Viewed from those angles and as summarized by the authors, the study met its big picture goal: “Our high-throughput phenotypic screen and selection cascade for generation of hit compounds active against multi-drug-resistant (MDR) strains of K. pneumoniae and XDR A. baumannii aims to reduce the overall cost of preclinical development by excluding NCEs at an early stage of discovery that would otherwise require significant medicinal chemistry campaigns to overcome the permeability and efflux challenges and is well documented to have had limited success.”

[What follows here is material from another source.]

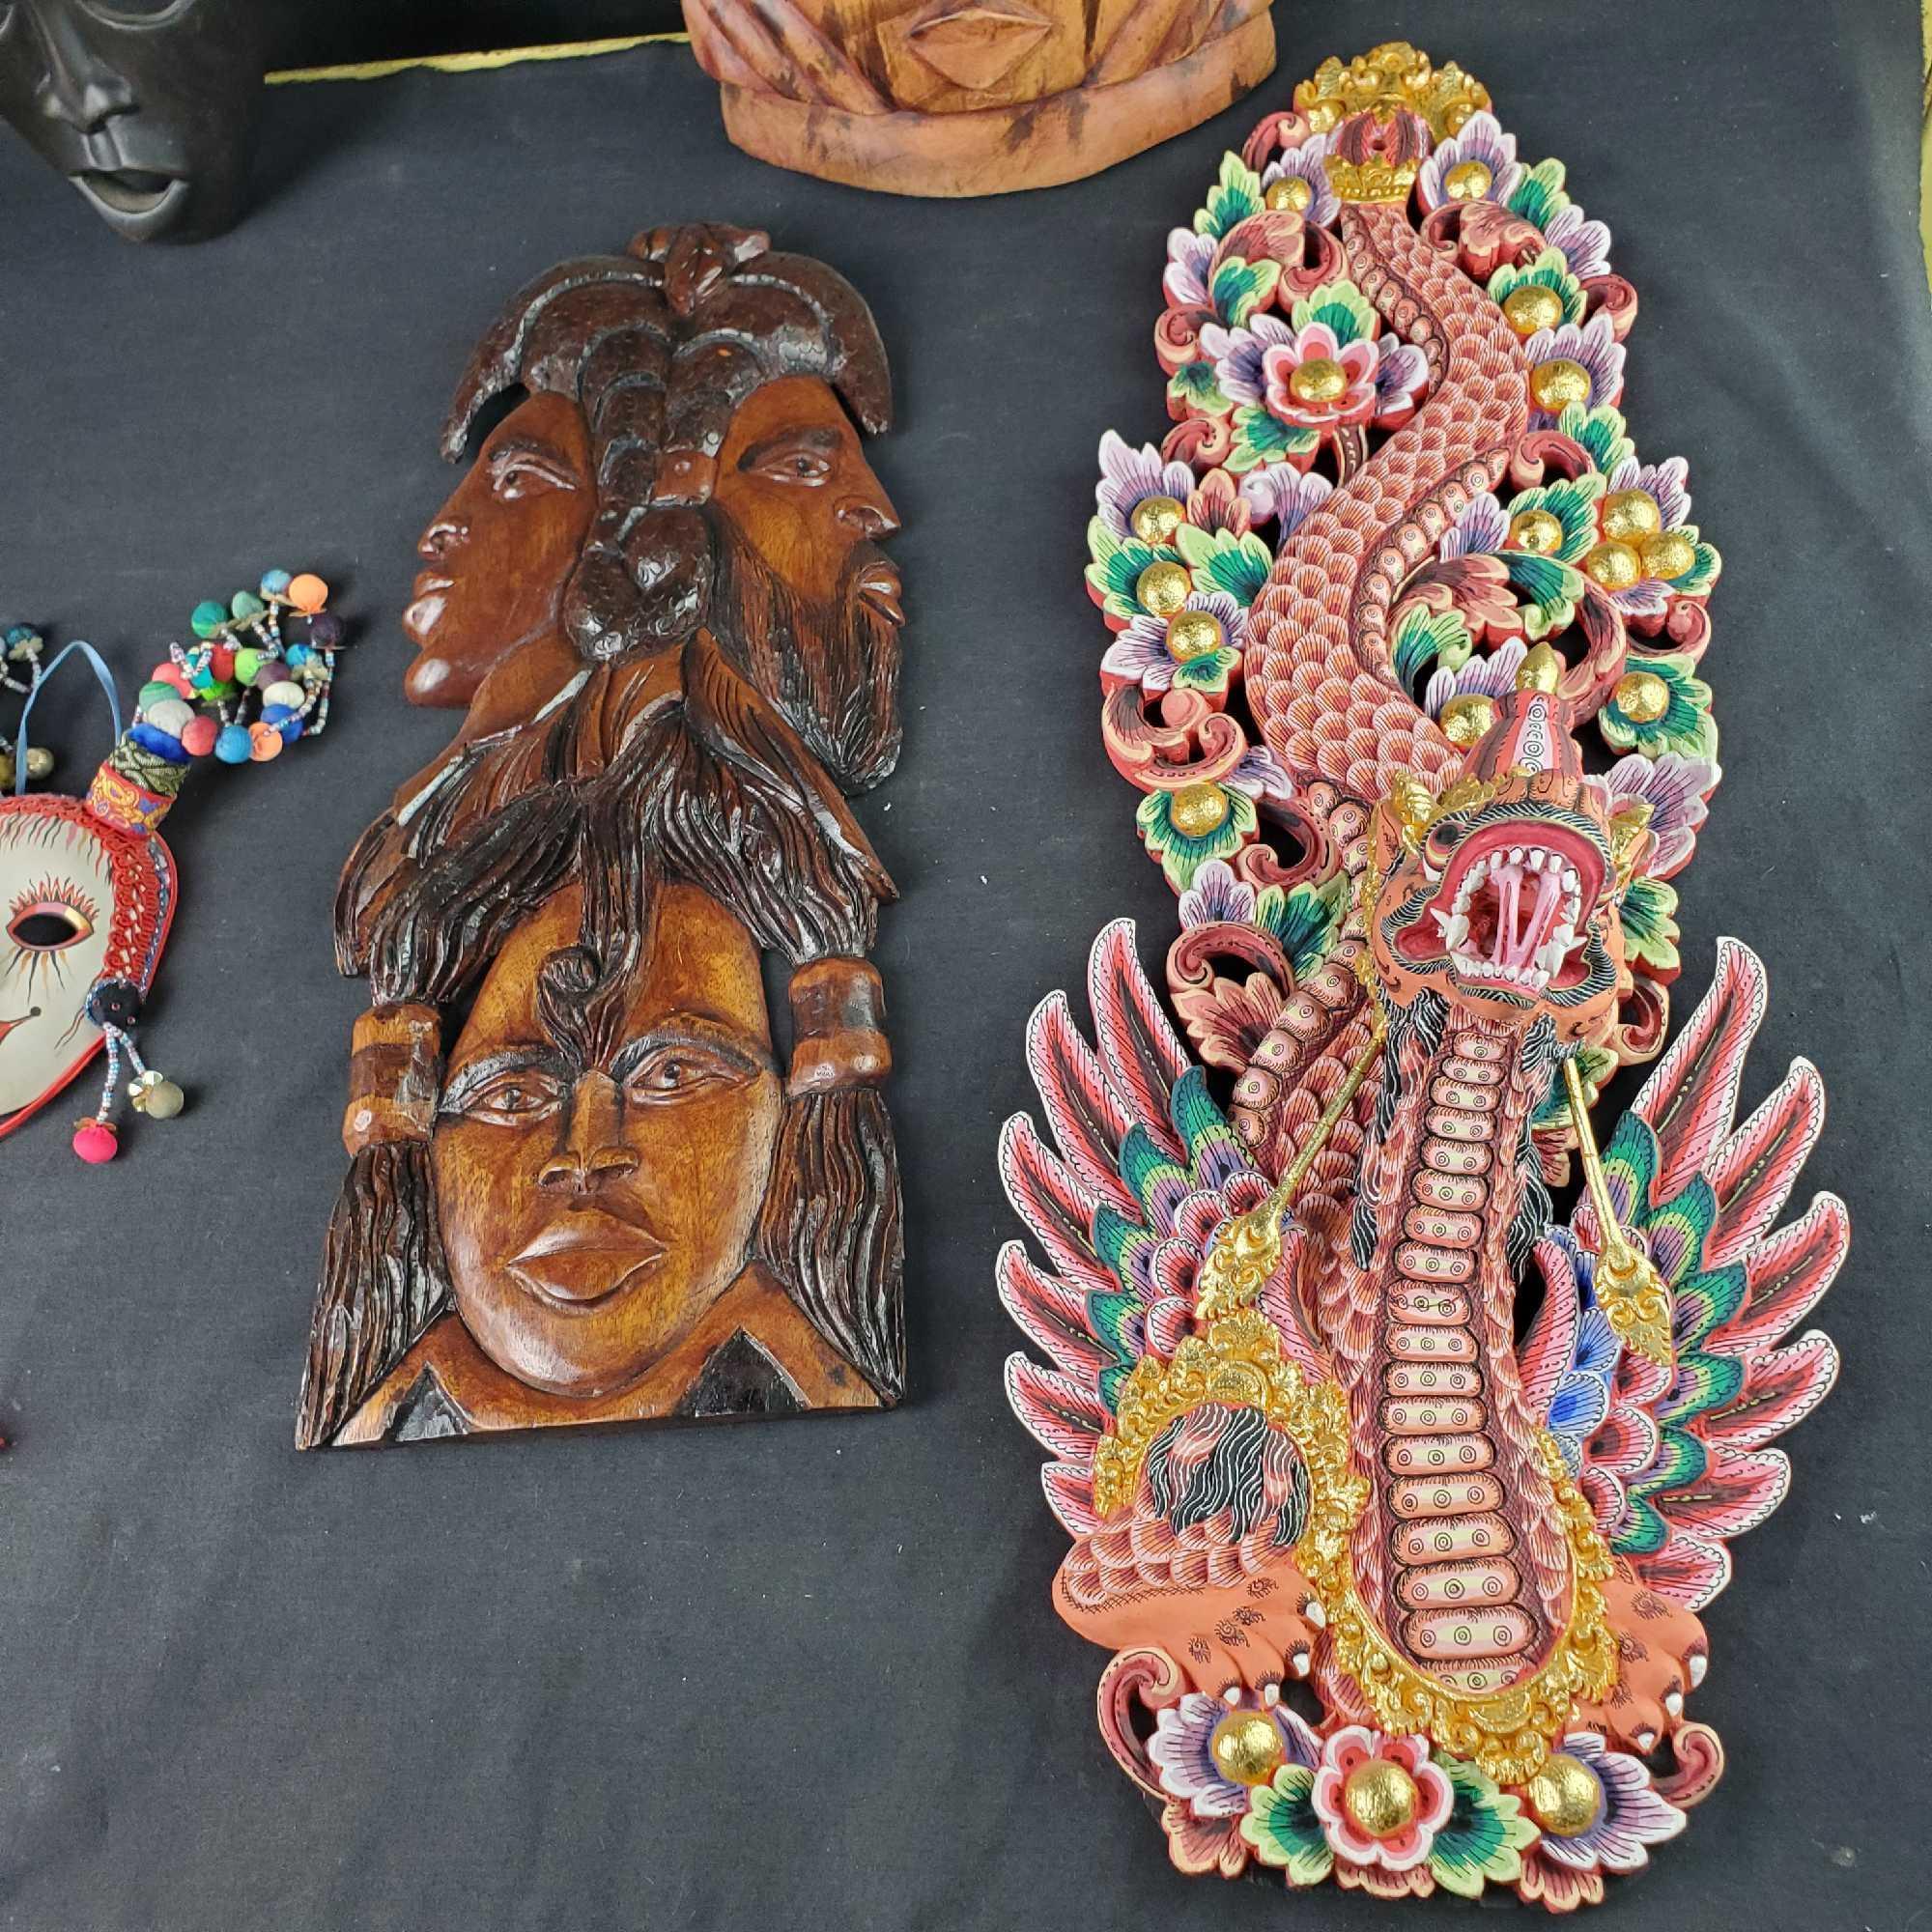 3 unique wooden masks 1 ceramic 2 decorative wall art pieces
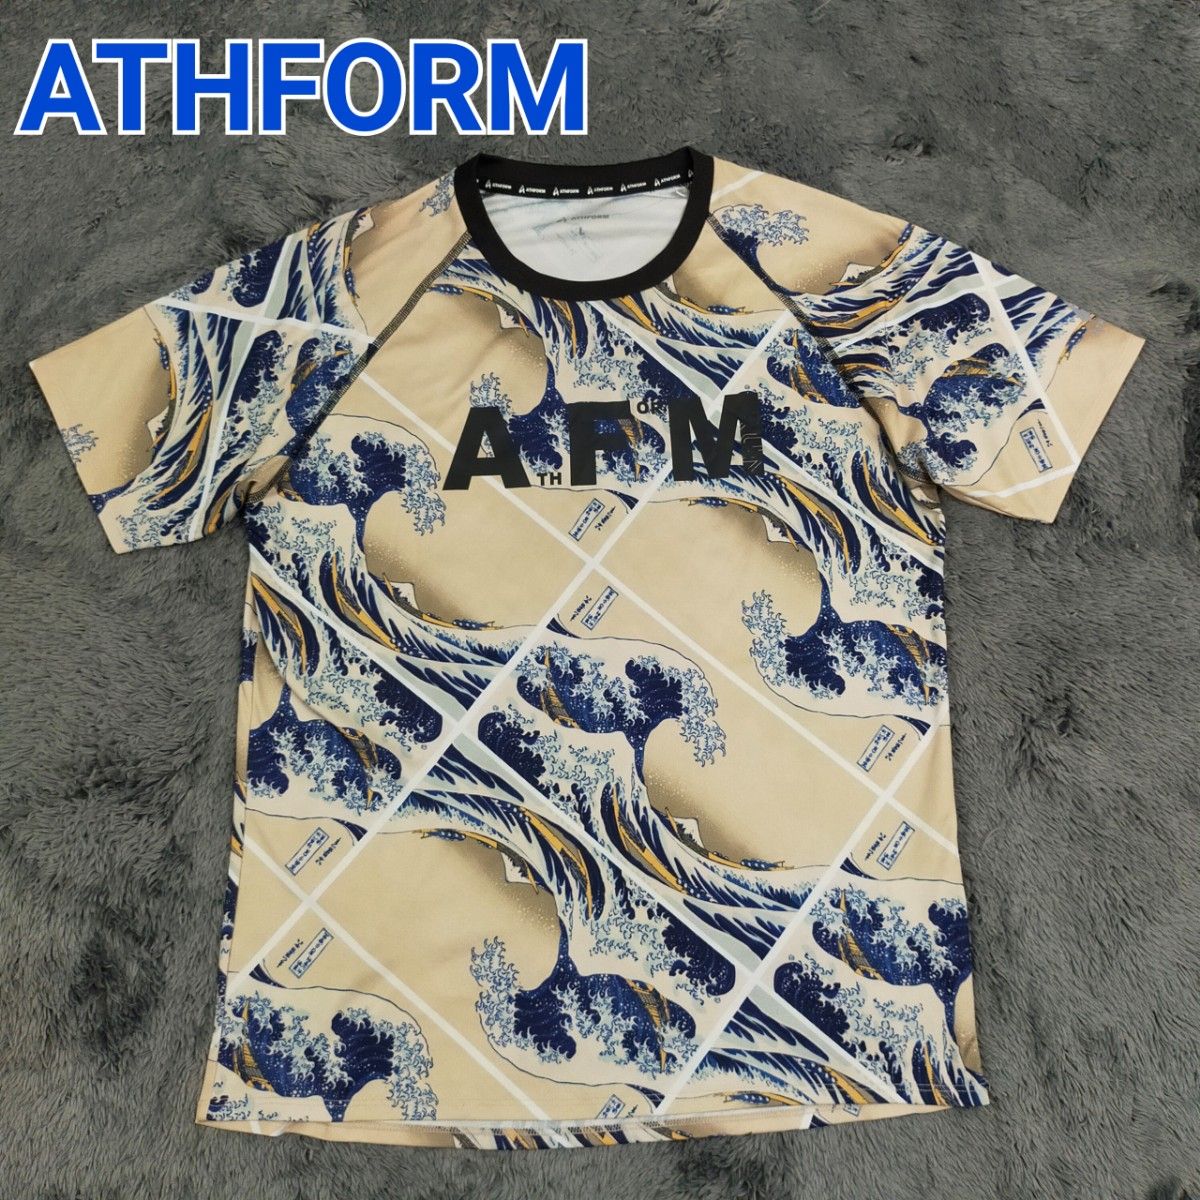 ATHFORM トレーニングシャツ ランニングシャツ 半袖 メンズ Lサイズ 総柄 和柄 ドライ ストレッチ

We contacted the authors and were told that the strategy continues to bear fruit: Laura Piddock (senior author) wrote saying, “Since completing the work described in this publication, a total of 192,000 compounds and just under 4000 bacterial natural product extracts have been tested in GARDP’s high throughput phenotypic screen. GARDP has also analysed the properties of 3.5 million compounds to help selection for HTS. Of 70 projects carried out so far, currently 22 are live in the GARDP discovery and exploratory research team.”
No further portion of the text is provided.